[Collected data]
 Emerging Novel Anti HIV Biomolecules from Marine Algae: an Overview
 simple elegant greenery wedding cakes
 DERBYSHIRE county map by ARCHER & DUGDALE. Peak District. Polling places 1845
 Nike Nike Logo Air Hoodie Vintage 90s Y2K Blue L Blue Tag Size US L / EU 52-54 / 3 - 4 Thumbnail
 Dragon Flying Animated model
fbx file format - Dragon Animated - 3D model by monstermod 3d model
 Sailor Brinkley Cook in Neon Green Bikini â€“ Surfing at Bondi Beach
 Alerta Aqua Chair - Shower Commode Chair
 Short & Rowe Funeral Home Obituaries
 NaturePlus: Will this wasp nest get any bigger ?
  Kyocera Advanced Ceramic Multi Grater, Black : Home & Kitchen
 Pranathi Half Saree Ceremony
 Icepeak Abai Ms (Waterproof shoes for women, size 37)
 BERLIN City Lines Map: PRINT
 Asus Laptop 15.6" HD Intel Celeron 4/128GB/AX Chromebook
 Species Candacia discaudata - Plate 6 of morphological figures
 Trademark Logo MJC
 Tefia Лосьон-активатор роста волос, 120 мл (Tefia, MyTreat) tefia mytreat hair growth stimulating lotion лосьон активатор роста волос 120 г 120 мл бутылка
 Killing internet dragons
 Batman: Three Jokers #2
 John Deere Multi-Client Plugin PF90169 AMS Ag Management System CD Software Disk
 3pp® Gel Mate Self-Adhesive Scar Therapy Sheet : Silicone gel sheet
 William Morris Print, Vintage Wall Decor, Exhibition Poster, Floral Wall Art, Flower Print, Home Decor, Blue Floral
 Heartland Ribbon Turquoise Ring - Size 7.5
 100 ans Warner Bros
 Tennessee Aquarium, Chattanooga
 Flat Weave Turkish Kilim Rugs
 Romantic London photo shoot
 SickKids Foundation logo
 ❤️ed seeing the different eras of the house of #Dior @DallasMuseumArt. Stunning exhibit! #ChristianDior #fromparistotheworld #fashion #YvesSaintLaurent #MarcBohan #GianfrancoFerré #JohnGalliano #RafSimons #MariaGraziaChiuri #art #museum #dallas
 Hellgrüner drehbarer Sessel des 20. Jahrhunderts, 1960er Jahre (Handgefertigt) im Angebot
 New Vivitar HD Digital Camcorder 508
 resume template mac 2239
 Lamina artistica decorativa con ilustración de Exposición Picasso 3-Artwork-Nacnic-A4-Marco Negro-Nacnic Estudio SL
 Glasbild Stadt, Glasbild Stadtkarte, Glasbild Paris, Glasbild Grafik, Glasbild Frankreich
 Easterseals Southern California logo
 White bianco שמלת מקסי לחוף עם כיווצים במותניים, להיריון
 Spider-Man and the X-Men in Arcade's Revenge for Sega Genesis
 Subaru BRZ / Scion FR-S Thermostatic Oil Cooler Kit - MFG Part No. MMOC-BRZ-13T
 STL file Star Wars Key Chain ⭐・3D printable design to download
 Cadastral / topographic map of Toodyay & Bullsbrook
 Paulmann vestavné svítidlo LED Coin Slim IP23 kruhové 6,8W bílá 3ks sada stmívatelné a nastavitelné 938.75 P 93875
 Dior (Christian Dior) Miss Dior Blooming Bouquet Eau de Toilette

Task item
Looking at the entries, state how many lines hold the string "Animated", with the number as the sole reply.

Result of this exercise
2